Uses Msft Cognitive Services – Face Recognition API to find an unidentified soldier from a large pool of identified soldiers, aggregated from historical databases.

 

Grand Prize

Pic2News
Soner Sukru Altin, Nazire Aslan | Universitat Pompeu Fabra

Sees what is in your photo, searches the internet, and provides relevant information and news on the subject.

 

2nd Place

matNet
Horacio Canales | Universitat de Barcelona

AI based materials characterization standard to estimate the properties of an engineering material (e.g. titanium, steel) using mobile phone.

 

3rd Place

Earthquake Notifications
George Spyrou, Paradisopoulou Parthena, Kementzetzidou Despoina, Areti Panou, Dimitrakopoulos Panagiotis | Validata Software Aristotle University of Thessaloniki

Notify researchers at AUTH when a strong earthquake occurs. The message in the Azure Queue triggers an Azure Function which calls Microsoft Cognitive Services Speech API and creates an audio file which contains the details of the specific earthquake event in the Greek language.

 

4th Place

Clean Water AI
Peter Ma, Adarsh Uppula | Clean Water AI, UC Berkeley

Detects dangerous bacteria in water such as ecoli and cholera, as well as harmful particles

 

4th Place

CricketBOT.ai
Ram Chellamuthu, Arjun Ganesan, Suresh Sivasankaran | California Communications, Inc

AI based VideoBOT technology for personalized cricket highlights.

 

What was the Cloud AI Research Challenge?

The Cloud AI Research Challenge invited any researcher—from students to academics to employees of public and private organizations—to build AI applications on Microsoft AI services, using at least one of Microsoft’s AI-supporting services, including Azure Machine Learning, Cognitive Services, Data Science VM, Batch AI, Bot Framework, and others. These services feature the latest advancements in developing for AI on Azure.

We invited teams of university researchers, students, and employees of public and private organizations to participate. Teams were to create a working, interactive software application, in any domain, as long as it was an intelligent system using data and the Microsoft AI platform.

We asked for demonstrable applications that use the newly released set of powerful services that promote AI development through open source services on Microsoft Azure. Applicants were to demonstrate how difficult problems would be solved using the below services, but not limited to, where the solution contributes new insights to a field.

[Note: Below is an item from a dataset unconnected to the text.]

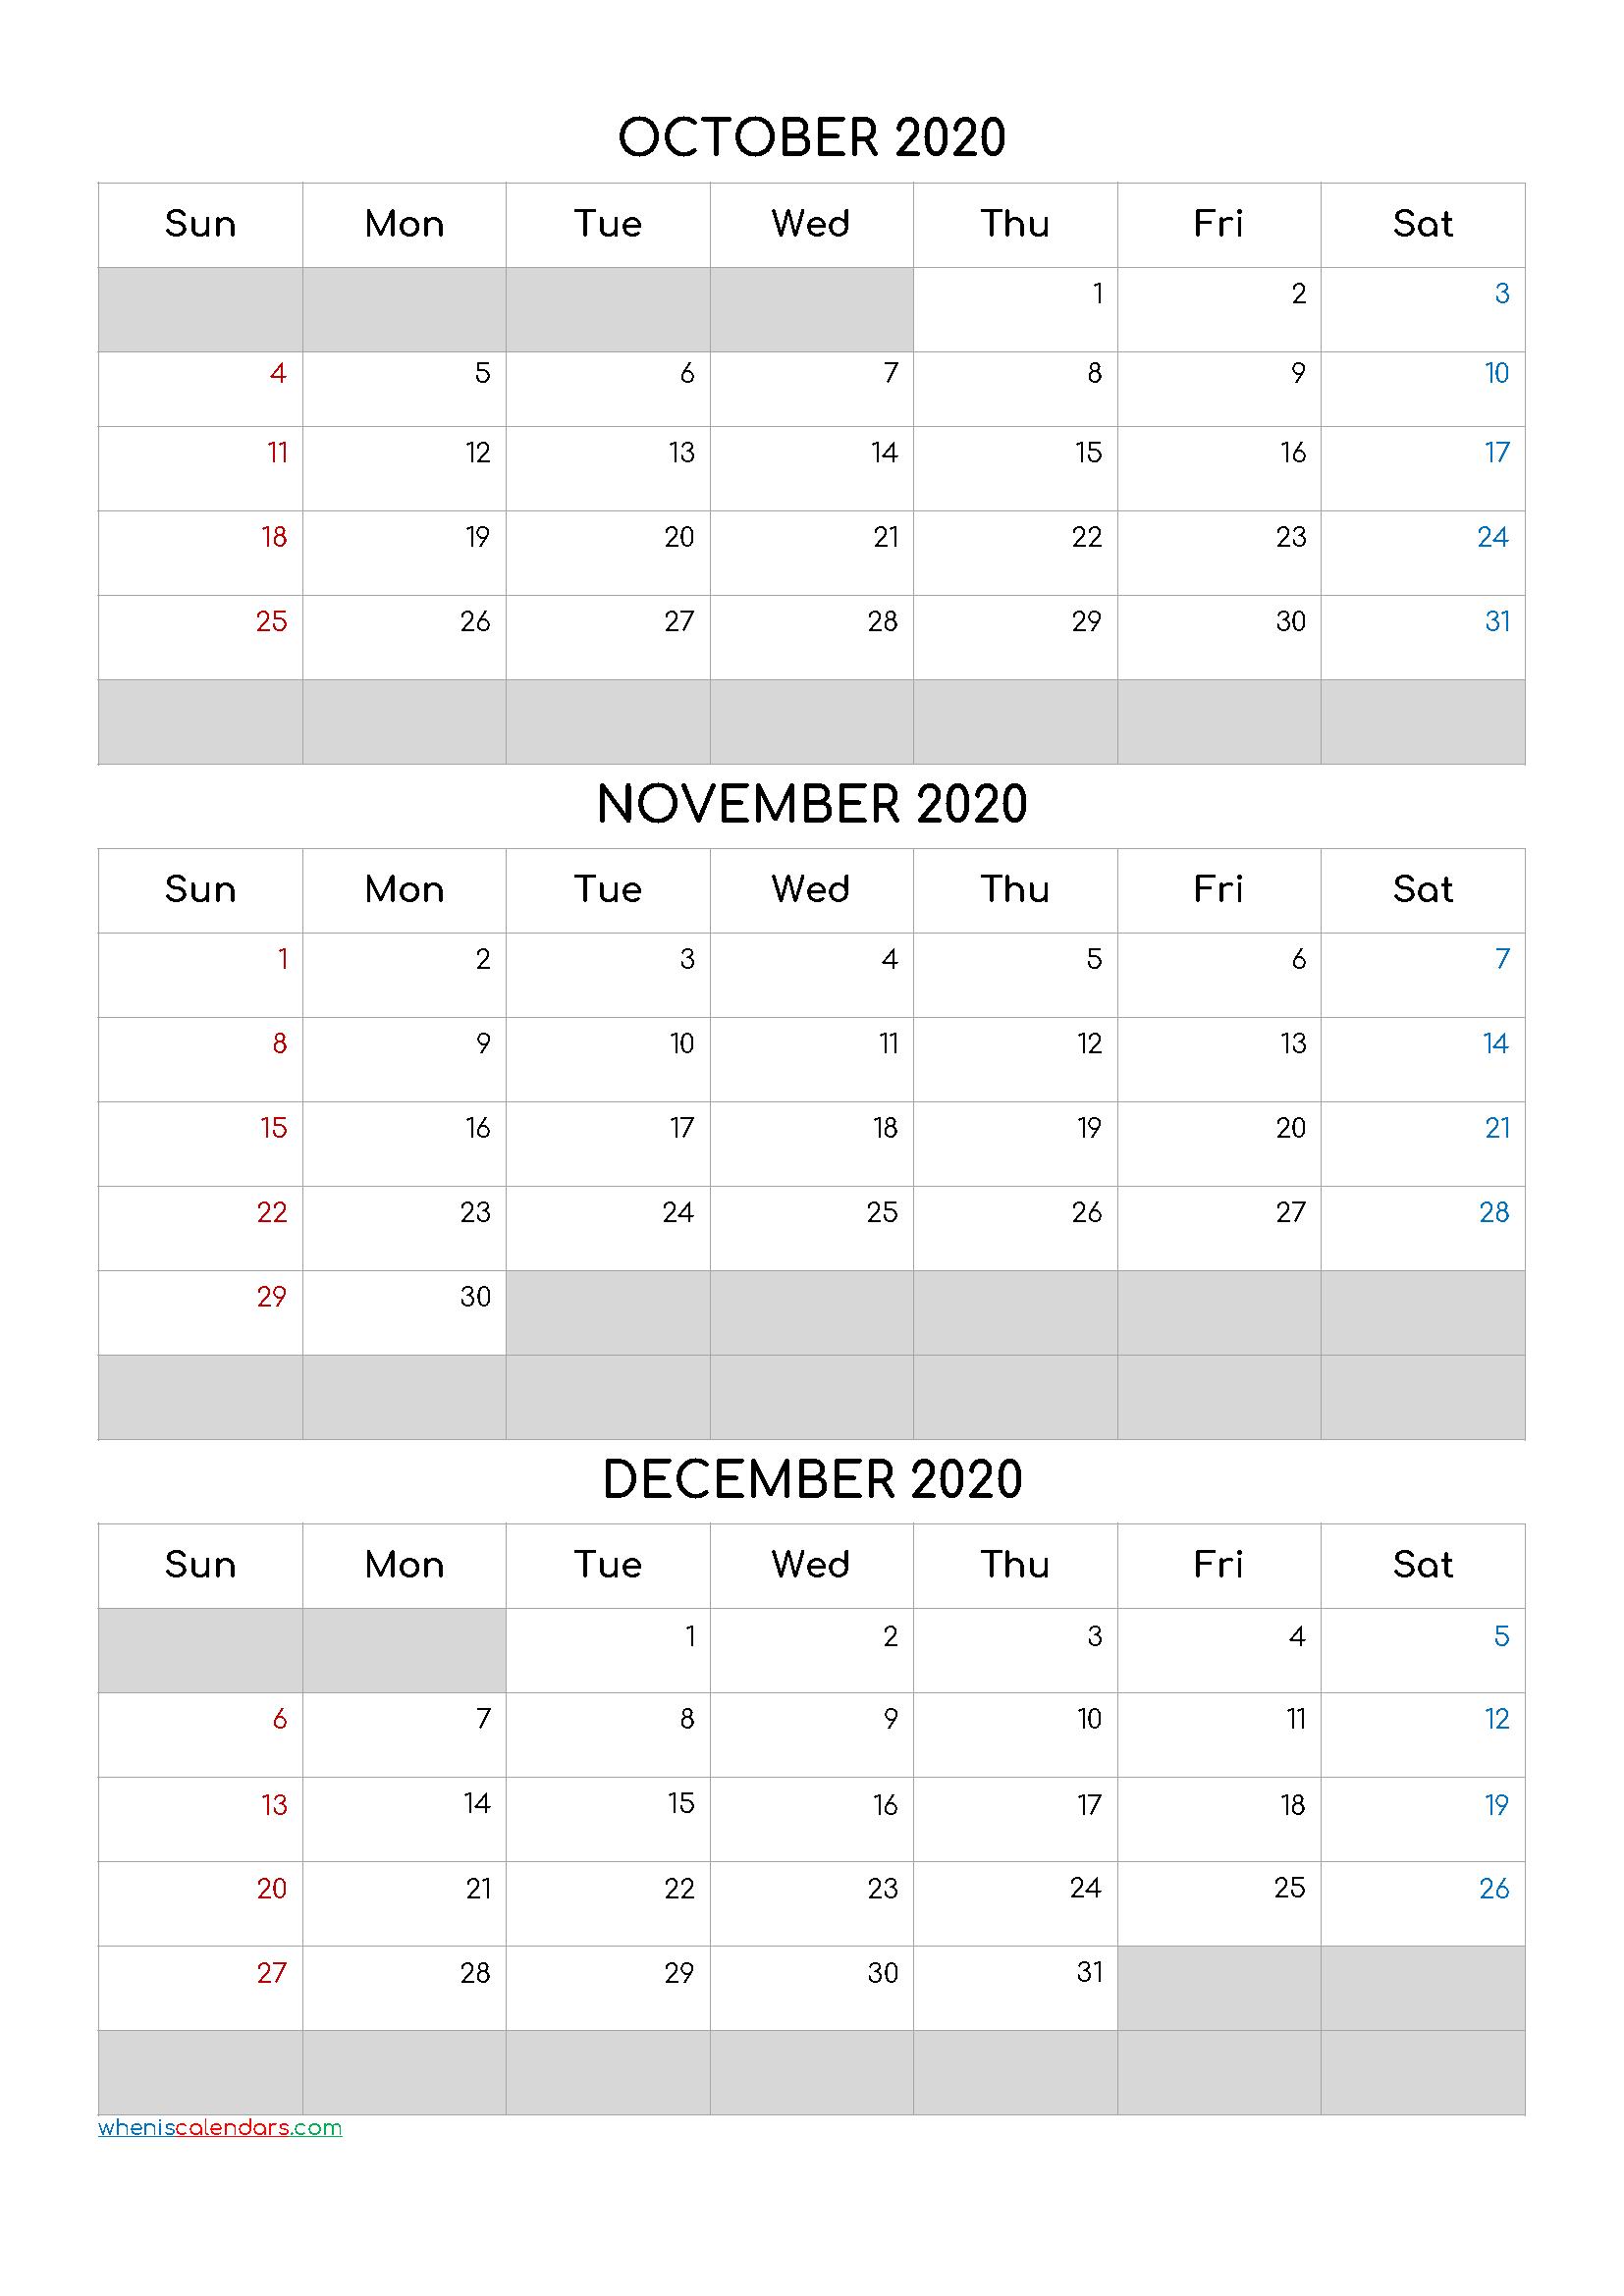 Free Calendar October November December 2020

  • Azure Machine Learning
    • Example:  Build models with labeled data to train and intelligently sense, process, and act on information to create applications that augment human capabilities.
  • Cognitive Services
    • Example:  Infuse your apps, websites, and bots with intelligent algorithms to see, hear, speak, understand, and interpret your user needs through natural methods of communication.
  • Data Science
    • Example:  Create a friction-free end-to-end data science workflow using pre-installed Data Science Virtual Machines to build applications that rely on data analytics, machine learning, and AI training.
  • Container Service
    • Example:  Quickly provision and efficiently scale clusters to maximize resource utilization without container orchestration expertise.
  • Batch AI
    • Example:  Deploy virtual machines, containers, and connect your shared storage to train against any AI framework/deep learning library.
  • Bot Framework
    • Example:  Build dialog systems with open source Bot Builder SDKs.

Submissions were to include a working, interactive software application that uses Microsoft AI services along with a video that comprehensively explains and demonstrates the application’s features and functionality.